₂ or N ₂ gas, the waste material is dissolved in the atmosphere under normal pressure or reduced pressure, and the molten metal is maintained at 600 to 700 ° C. in the atmosphere under the pressure to decompose the coating material into inorganic substances. 2. A method according to claim 1, wherein the decomposition product of the paint is removed by maintaining the molten metal under reduced pressure in the atmosphere. 3. The method according to claim 1 or 2, wherein the paint is decomposed into inorganic substances and removed, and subsequently, Ar, He, Ne, SF ₆ , CO ₂ , SO _{2 are} added as a cleaning gas in the molten metal.

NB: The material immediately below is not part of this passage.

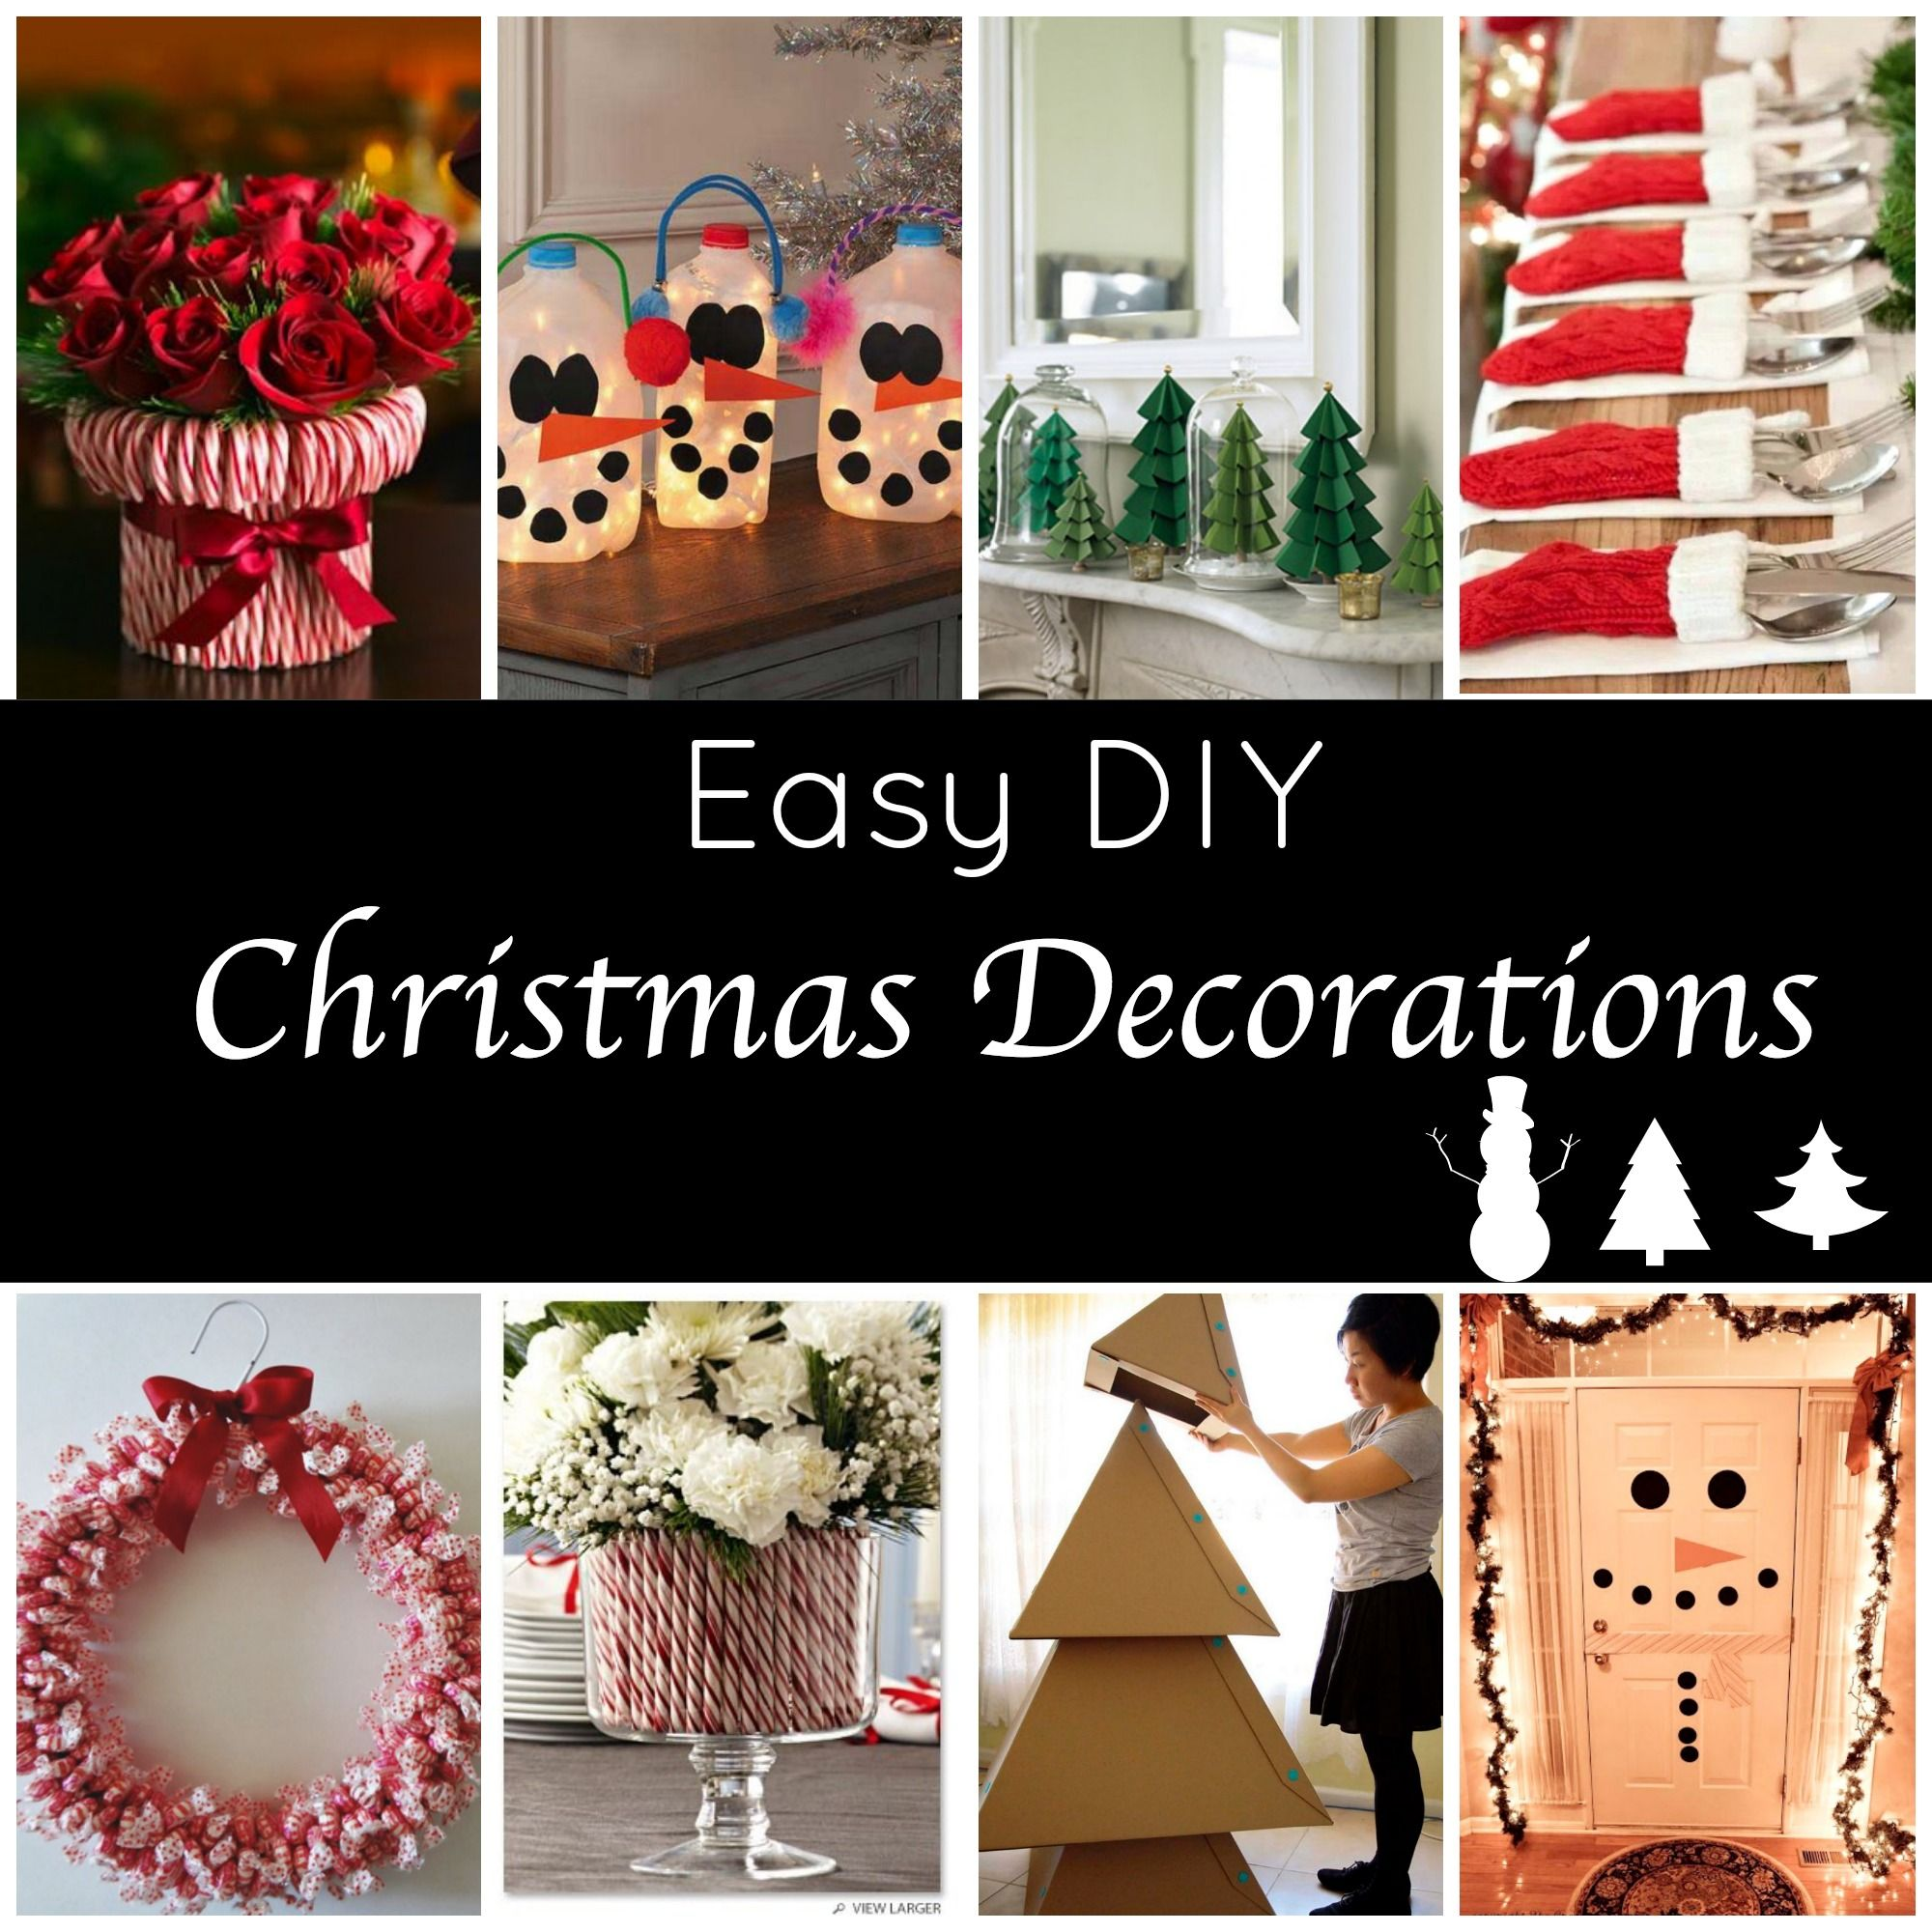 DIY Christmas Decorations Diy christmas decorations easy

₂ or N ₂ gas, or a mixed gas of these gases and dry air, is blown while finely bubbling, so that foreign substances such as oxides in the molten metal are floated and separated. How to recycle waste materials. 4. The recycling method according to claim 1, wherein 50% by weight or more of the new metal and 50% by weight or less of the coated magnesium waste material are used in combination. 5. The coated magnesium waste material according to claim 1.
5. A method for regenerating a coated magnesium waste material, comprising regenerating by the method described in any one of (4) to (4), and subsequently filtering the molten metal through a metal or ceramic filter.